Weekly Verse: Returning to the Classroom

Throughout your adult years as an educator, you’ve encountered on their first school day, children teetering nervously at the edge of the classroom. With bags almost empty and old clothes handed down to them, their newly starched shirts awkwardly wrapped around their thin shoulders. As time wears on, these same children you happened upon, changed and reshaped, seemingly omnipresent: at the café, in the supermarket line, on a city corner, strolling with their dog, manoeuvring a pushchair, idly waiting for the traffics signals to shift.

Then, during a late night journey home, you arrive at a police checkpoint where an unfortunate fatality has just occurred. The flashing blue lights casting an eerily slow, submerged ambiance over the scene. You lower your car window and, reflected in the gaze looking back at you, you catch glimpse of your astonished expression mirrored in the brief wavering uncertainty. In those moments, you long to give reassurance, but are prohibited by the constraints of adulthood.
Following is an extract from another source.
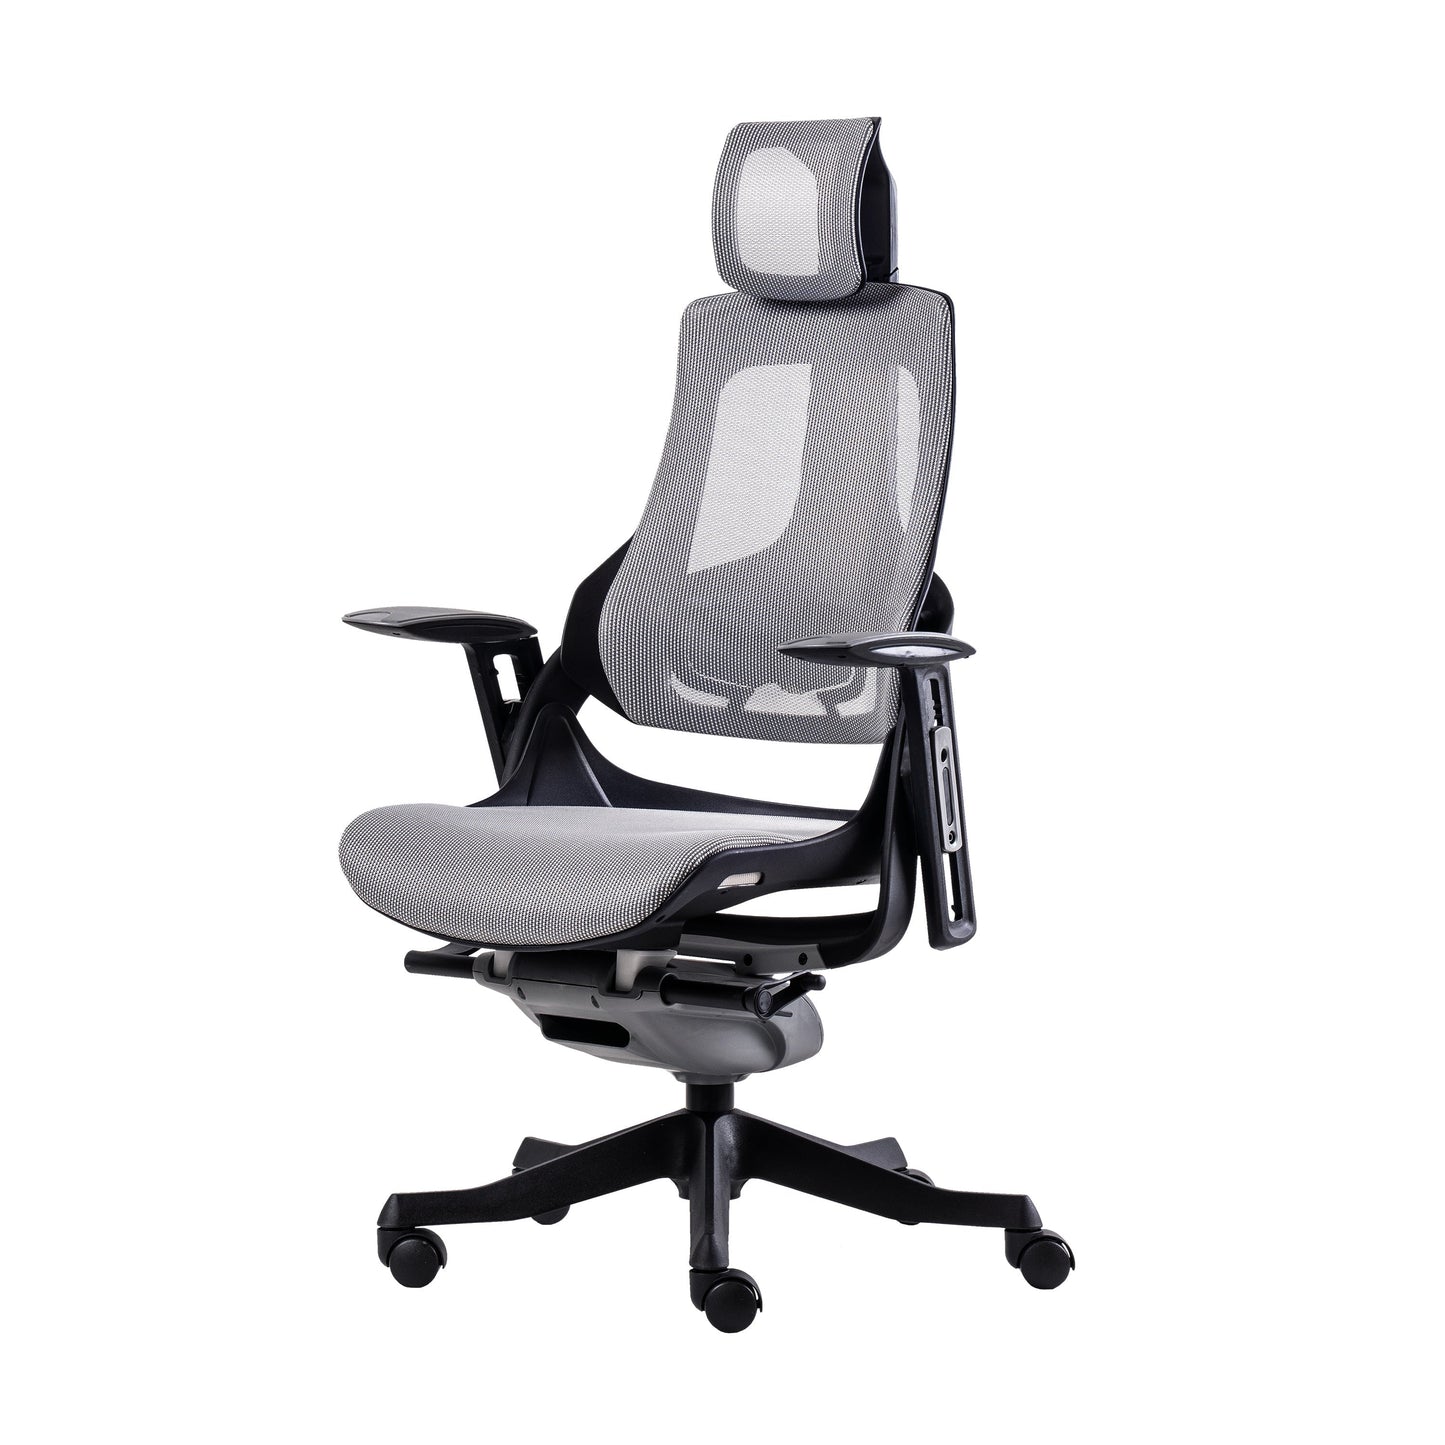 Techni Mobili LUX Ergonomic Executive Chair, Grey

Unable to utter, ‘You’re doing fine, there’s no rush, you’re brilliant.’

Pat Boran, a poet, editor and maker of short films is set to release his new array of poems, Hedge School, in November, published by Dedalus Press.

Pat Boran, a versifier, curator, and microfilm producer, is set to release his latest anthology of poetry called “Hedge School”, under Dedalus Press, anticipated to be available this coming November.